Vulnerable teams ahead of them - Four of the teams ahead of them in the standings — Minnesota, Houston, Portland, Denver — have their share of issues that make their continued success far from guaranteed. All four are within two games of the Lakers right now. None are struggling at this moment — they all have better records over their last 10 games than the Lakers — but none have the talent or potential that the Lakers could have if they were to find a way to play together. Houston is lousy on the road, and Lin and Harden still aren’t developing the chemistry they need. The Nuggets have been terrible on the road. Portland lacks depth, and their success is built around the stunning play of a rookie. Minnesota is struggling to stay healthy. There is no team there that it would be impossible for the Lakers to catch and pass if they find their game.

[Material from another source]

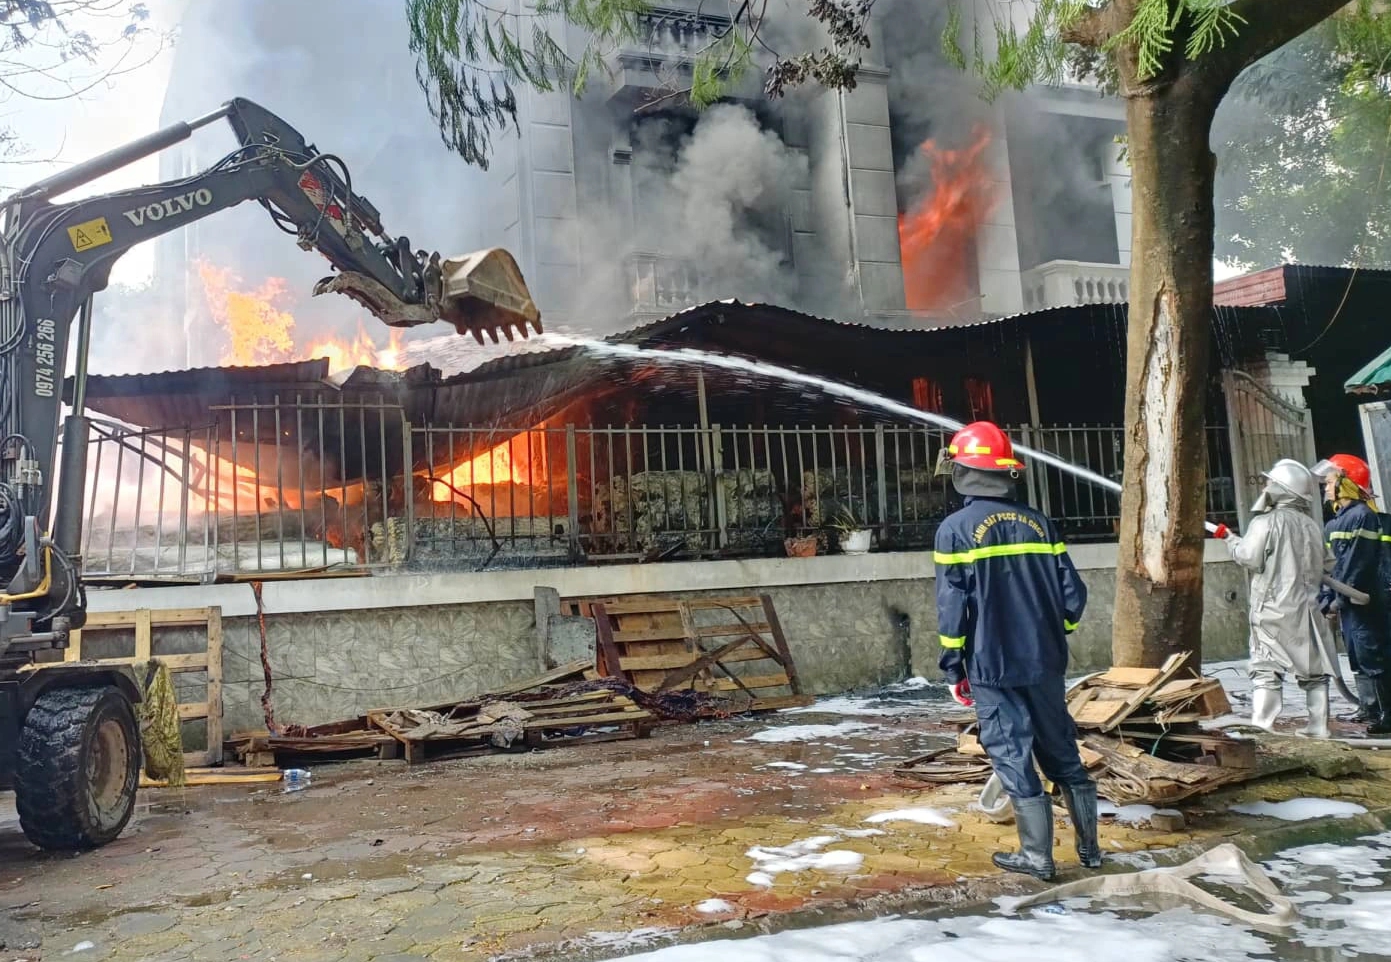 Ngôi nhà 3 tầng cháy dữ dội, một chiến sĩ cứu hỏa bị thương - Ảnh 3.

Can they win the division? - The easiest way to make the playoffs is to win your division. That way you are guaranteed to make it regardless of the records of the rest of the teams in the conference. So, can they win the Pacific — a division they have long dominated? Probably not. They are 9.5 games behind the Clippers right now. The other L.A. team just saw their 17-game winning streak end, and have been playing exceptional basketball. Their starting lineup is strong, their point guard is brilliant, and they have one of the best benches in the whole league. The coaching could be more inspiring, but it’s still hard to imagine this team stumbling enough to blow a huge lead like this in 50 games. If they went 24-26 from here on out they would still finish at .600 on the season. The Lakers would have to close out at 35-16 to pass them if they sputtered that badly, and the Clippers aren’t going to falter like that. The Lakers will have to earn their own way in.
Health - Can Nash stay healthy? Kobe? Howard? Gasol? The team has already shown how much the team struggles without one of their stars in the lineup for a long period of time, and they would likely struggle to maintain their success without one of the big three. It’s a gamble — especially with Nash so fragile and Howard not yet fully recovered from his back issues. The bigger issue is that even if they stay healthy, they can’t get any younger. After the last two games Kobe has blamed the age of the team for a lack of energy and stamina. Kobe loves to whine, so the issues aren’t likely as significant as he suggests, but it is still a factor — especially considering that the team plays back-to-back games 10 more times this year. The talent this team is built around will get them to the promised land — but only if they can all stay on the court long enough to lead them there.